在进行PSCI的架构的讲解之前需要澄清一个概念:ARM的异常模型。如图1-4所示:
1-4

图1-4 Service call routing

我们看一下手册中的描述:

The name for privilege in AArch64 is Exception level, often abbreviated to EL. The Exception levels are numbered, normally abbreviated and referred to as EL(x), where (x) is a number between 0 and 3. The higher the level of privilege the higher the number. For example, the lowest level of privilege is referred to as EL0.
The architecture does not specify what software uses which Exception level. A common usage model is application code running at EL0, with a rich Operating System (OS) such as Linux running at EL1. EL2 may be used by a hypervisor, with EL3 used by firmware and security gateway code.
For example, Linux can call firmware functions at EL3, using software interface standards, to abstract the intent from the lower-level details for powering on or off a core. This model means the bulk of PE processing typically occurs at EL0/1.
The Arm architecture includes the exception-generating instructions SVC , HVC , and SMC . The purpose of these instructions is solely to generate an exception and enable the PE to move between Exception levels:
• The Supervisor Call ( SVC ) instruction enables a user program at EL0 to request an OS service at EL1
• The Hypervisor Call ( HVC ) instruction, available if the Virtualization Extensions are implemented, enables the OS to request hypervisor services at EL2
• The Secure Monitor Call ( SMC ) instruction, available if the Security Extensions are implemented, enables the Normal world to request Secure world services from firmware at EL3 .
When the PE is executing at EL0, it cannot call directly to a hypervisor at EL2 or secure monitor at EL3, as this is only possible from EL1 and higher.

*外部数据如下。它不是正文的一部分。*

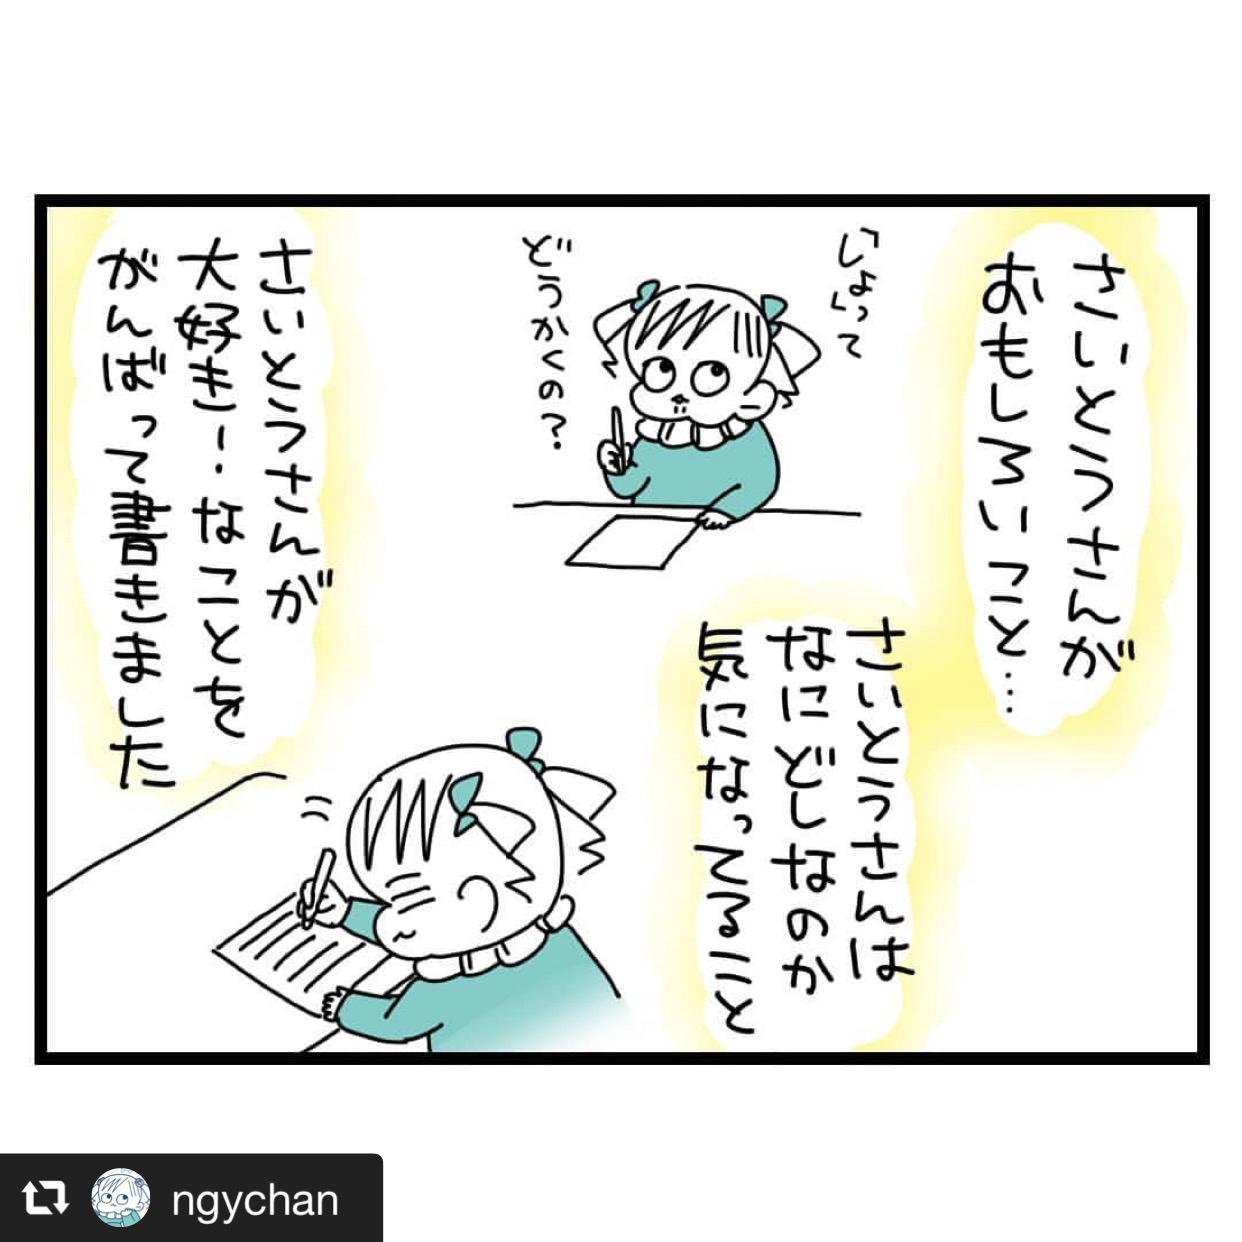 ジャンポケ斉藤さんが好きすぎてファンレターを書くことに 画像2

The application at EL0 must use an SVC call to the kernel, and have the kernel perform the action to call into higher Exception levels.

ARM的架构升级到V8之后引入了异常模型,将CPU在运行时的权限分成了4层,依次升高。通常情况下,CPU都是工作在EL0/1层,当需要申请更高权限的时候,会通过被动陷入的方式或者主动执行指令(SVC/HVC/SMC)的方式跨越EL层级申请更高权限的服务。要注意的是如果EL2层的虚拟化层实现了,那么EL1即便是调用了SMC指令也不能跨越EL2直接申请EL3层的服务。我们前面有专门的文章分析ARM的异常模型,这里就不展开讨论了,建议小伙伴们读一读前面的文章。

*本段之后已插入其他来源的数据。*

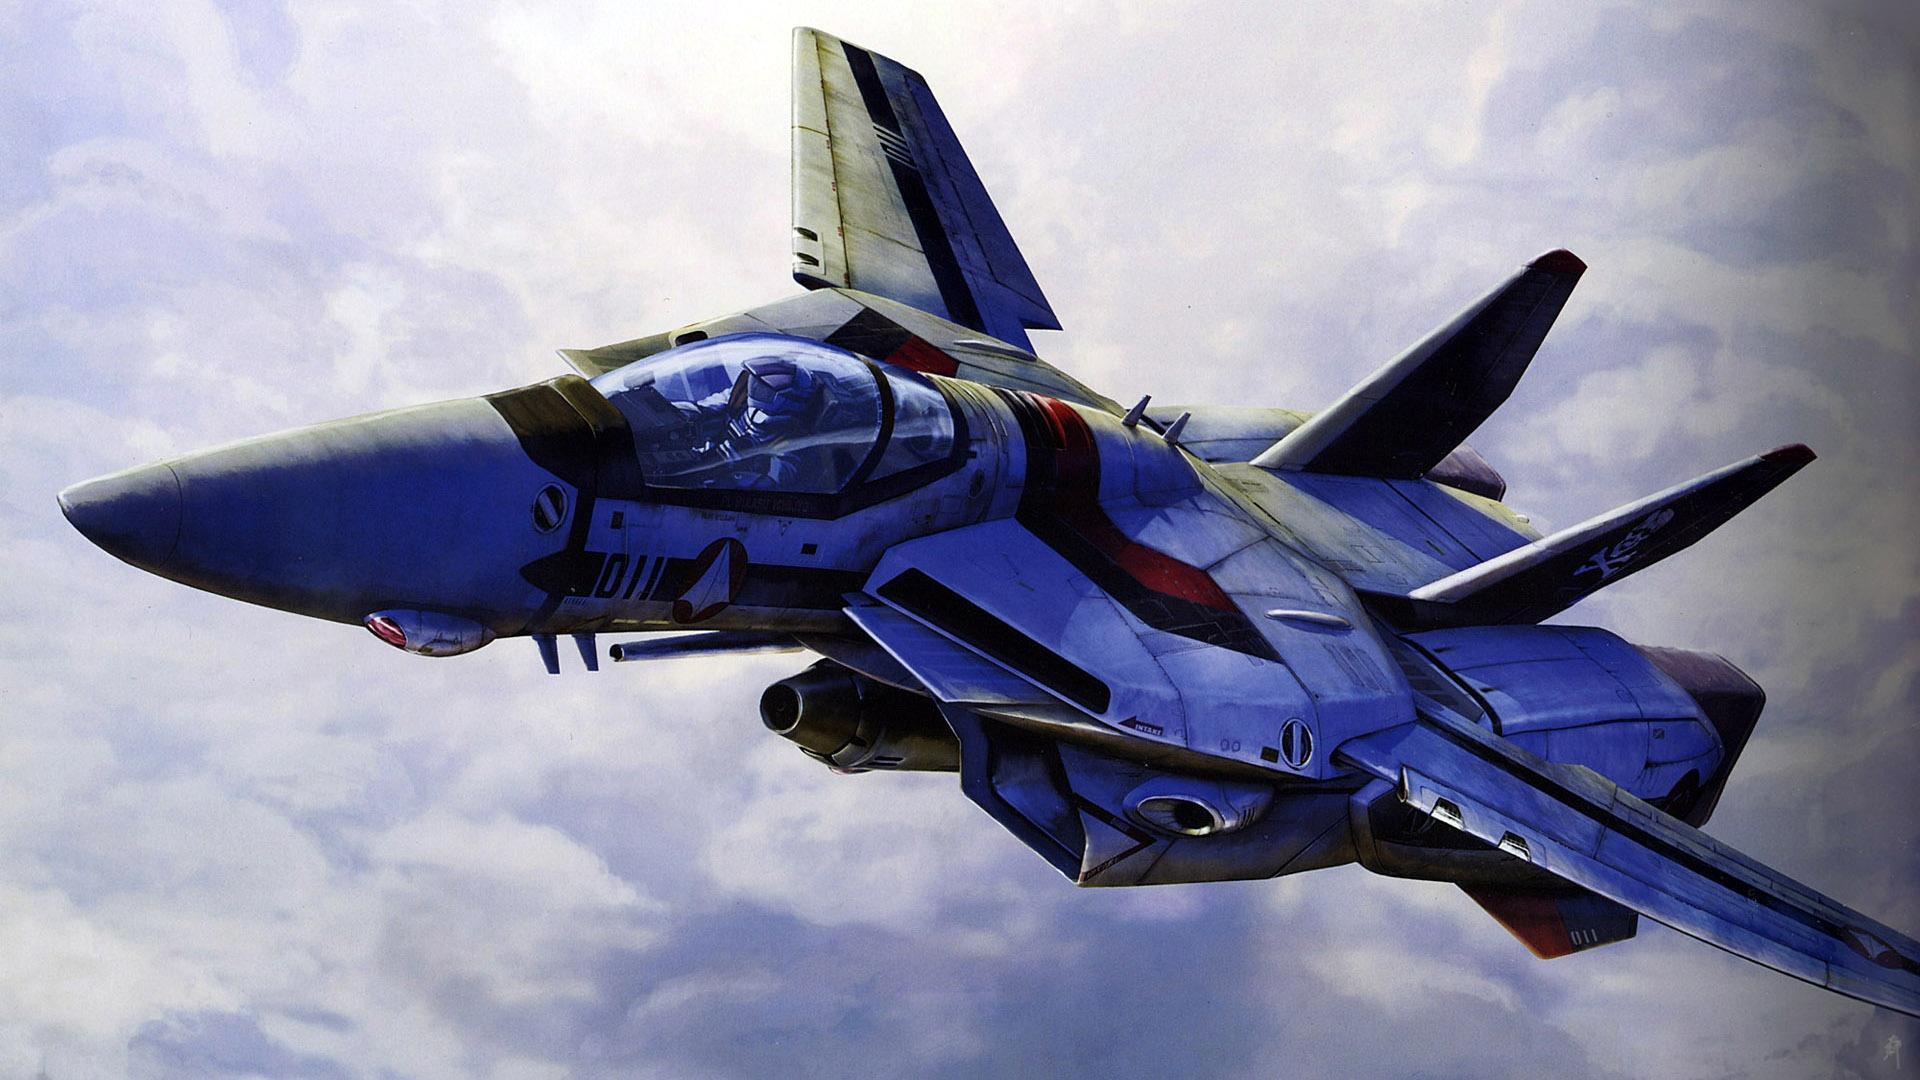 Aircraft Macross In Hd Crunch Com 489106 Wallpaper Wallpaper

1.2.2 PSCI的架构(电源状态管理的软件架构)

有了前面的基础,我们来看一电源状态管理的软件架构,如图1-5所示:
1-5

图1-5 High-Level PSCI SW ARCH

注意这只是一个PSCI实现的例子,具体要看你拿到受的SOC的软件代码的层面的设计和实现。下面我们基于上面的PSCI的软件架构展开讨论:

The PSCI interface must support interaction at all levels of execution implemented on the device, where multiple levels of supervisory software might be executing. For the caller operating in the Normal world, the interface must forward a message to the PPF. In a system that implements EL2, it must be possible to trap interface calls made by the EL1 kernel context to the hypervisor (EL2). In a system that implements Arm RME, it must be possible to trap interface calls made by the Realm executing at R-EL1, to the RMM executing at R-EL2. The RMM can then decide to forward the call to the Hypervisor executing at NS-EL2 . If the hypervisor determines that a change of physical power state is required, it must then be able to use the PSCI interface to inform the PPF.
The conduits available to transfer a message from one Exception level to another depend on the implemented Exception levels and Security states.
Arm systems generally include a power controller, or control logic, that can manage core power. This normally provides interfaces that support several power management functions. Often these include support for transitioning cores, clusters, or a superset into low-power states. In the low-power state, the cores are either fully switched off or in quiescent states where they are not executing code. Arm strongly recommends that the EL3 is responsible for the control of these states. Otherwise, cleanup of the Root and Secure state, including cache clean, is not possible prior to entering the low-power state. Other forms of power management, such as dynamic performance anagement through voltage and frequency scaling, are not covered by this interface. Arm strongly recommends that all policy in power and performance management is performed in the Normal world. The Normal world has greater visibility of the current use and purpose of a given device. Where the Secure world has performance requirements, Arm recommends that IMPLEMENTATION DEFINED mechanisms are used to communicate those requirements to the Normal world.

结合手册的描述我们归纳如下:
(1) 除了EL0之外,每一层都要实现PSCI接口的适配,但是这不代表每一次都能直接和SCP进行通信,和SCP进行直接通信的ARM的建议是放在EL3内部实现。这个是比较容易理解的,权限低的ELx层的软件要动用电源资源肯定要向权限高的ELx层申请,反过来肯定是不行的。那么这就天然的将整个PSCI接口的适配分成两部分,一部分位于EL1或者EL2。EL1主要是站在自己VM内部的视角考虑如何迁移电源状态(vCPU:虚拟CPU)就行了,而EL2要站在所有VM的视角考虑如何迁移电源状态(pCPU:物理CPU)。而EL3内部的Firmware要实现PSCI所承载的状态协调的实现部分,并完成对SCP的通信。
(2) 引入虚拟化技术后,OSPM的实现分为两个层EL1和EL2,根据虚拟化类型的不同具体的实现又有所不同,如图1-6所示:
1-6

图1-6 Typical Power management models in virtualization

看下手册的描述:

Physical OSPM: This comprises the software components that select the physical power states.
Virtual OSPM: This is an OSPM that is present in a guest OS running a virtual machine, which selects virtual, rather than physical power states.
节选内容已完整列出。